Cerpen ini menggunakan sudut pandang orang ketiga. Nama tokoh dominan digunakan
untuk menceritakan peristiwa atau pengalaman tokoh dalam cerita seperti digambarkan
dalam kutipan berikut ini.

“Di kampung itu tidak ada lepau nasi, kenalan kitapun tidak ada. Di manakah kita akan
menumpang? Bertanak sendiri dalam puasa begini, saya tak sanggup rasanya” kata
seorang, yang bernama si Burkat.

e. Memahami tema
Tema cerpen ini adalah kebohongan dan penipuan. Ini terlihat dari data berikut.

“Aku dapat suatu akal,” berkata si Burkat sambil memadang kedua temannya berganti-ganti.
Salah seorang di antara kita bertiga, kita panggilkan kepala kampung.”

“....Kita semua tahu, orang yang tenama atau orang yang berpangkat lebih dimalui orang
daripada orang sembarang saja.

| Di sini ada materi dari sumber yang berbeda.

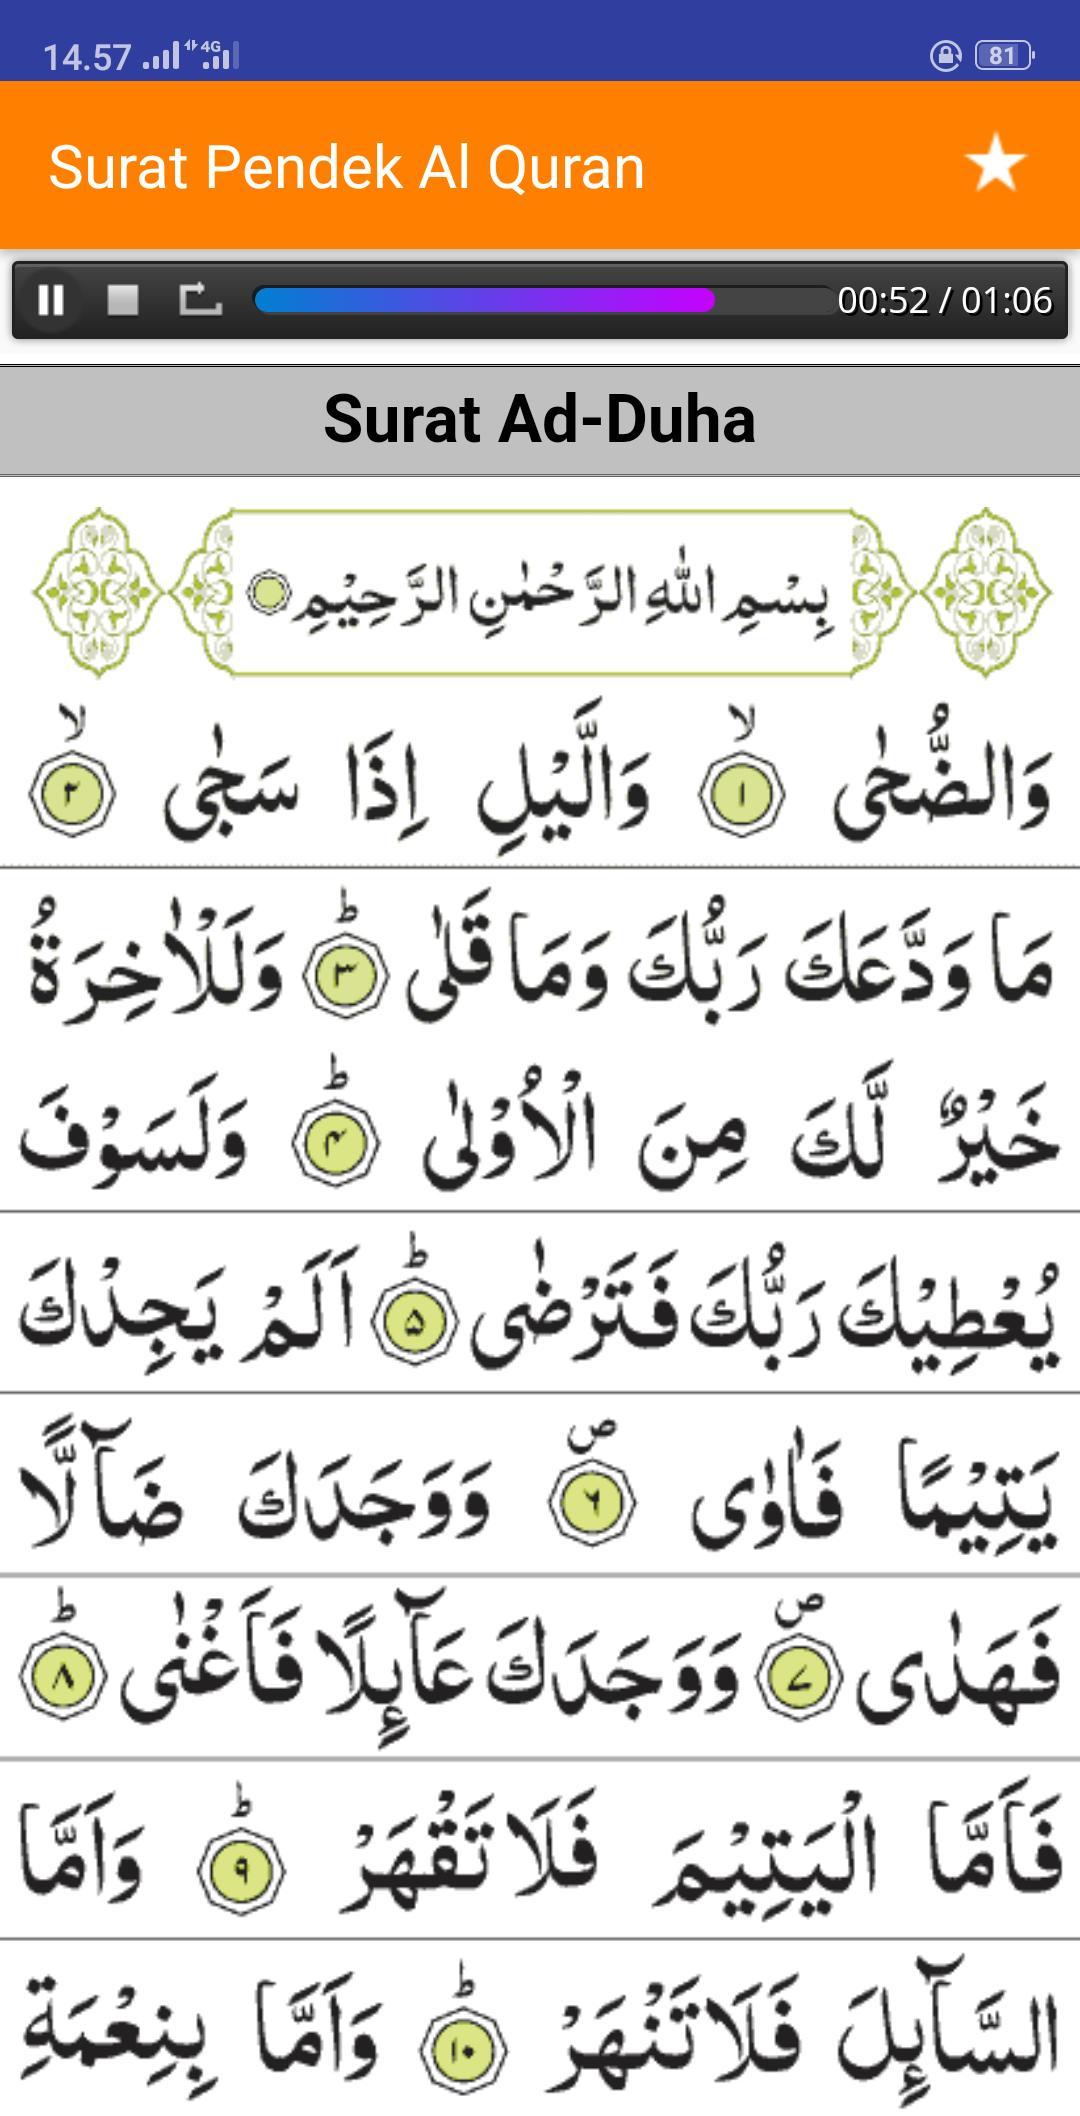 Surat Surat Pendek Al Quran Juz 30 Mp3 Offline For Android
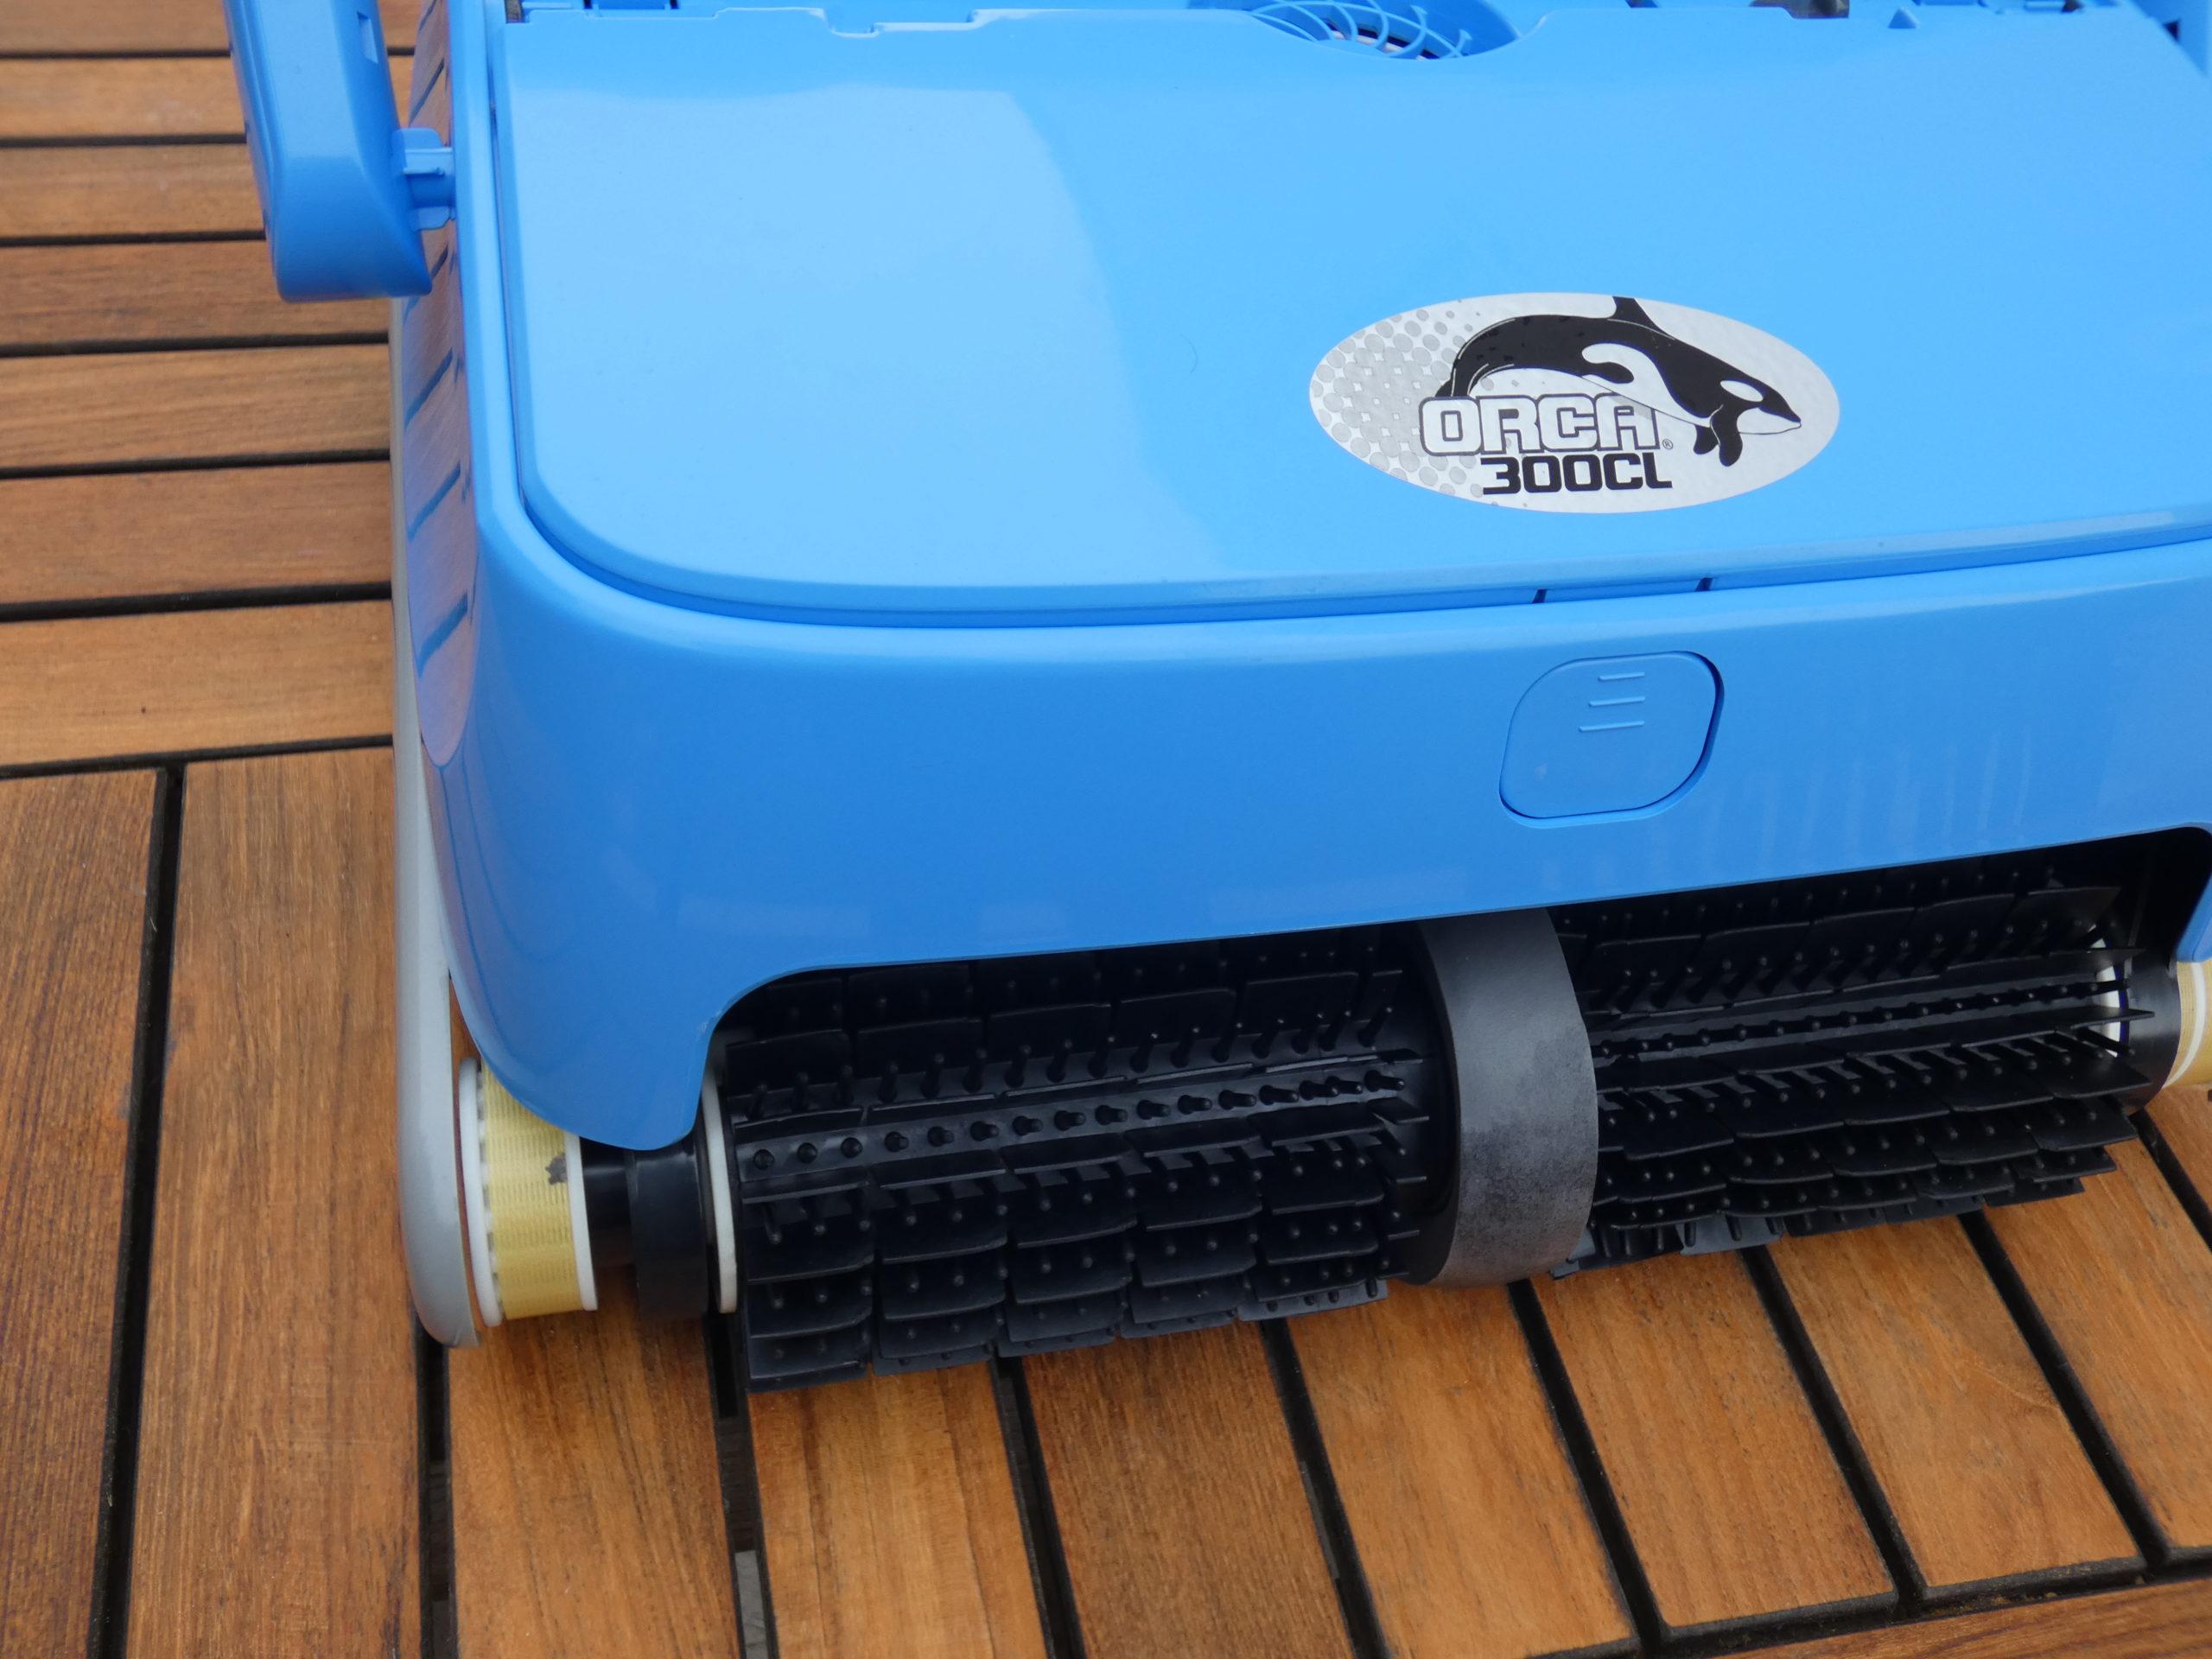 Orca 50 robot pour piscine hors sol, zodiac pool cleaner

Jadi, salah seorang diantara kita, kita sebut kepala
kampung, dua orang jadi pengiringnya. Dengan hal demikian, di kampung ini kita menetap
saja ke rumah kepala kampungnya. Saya rasa dia suka menjamu kita buat semalam ini.”

“Baik. Tetapi mula-mula patutlah saya diberi bergelar dahulu. Sebut sajalah saya Sutan
Menjinjing Alam. Tetapi hati-hati, jangan sesat, kalau-kalau terbuka rahasia kita. Jika terbuka,
bukan saja kita tidak dapat makan, tetapi badan kita akan merasai pula orang buat...”
f. Memahami totalitas makna dalam cerita
Tema cerpen ini adalah kebohongan yang terus ditutupi dengan kebohongan
begitupula penipuan akan terus ditutupi dengan penipuan yang tidak bertepi.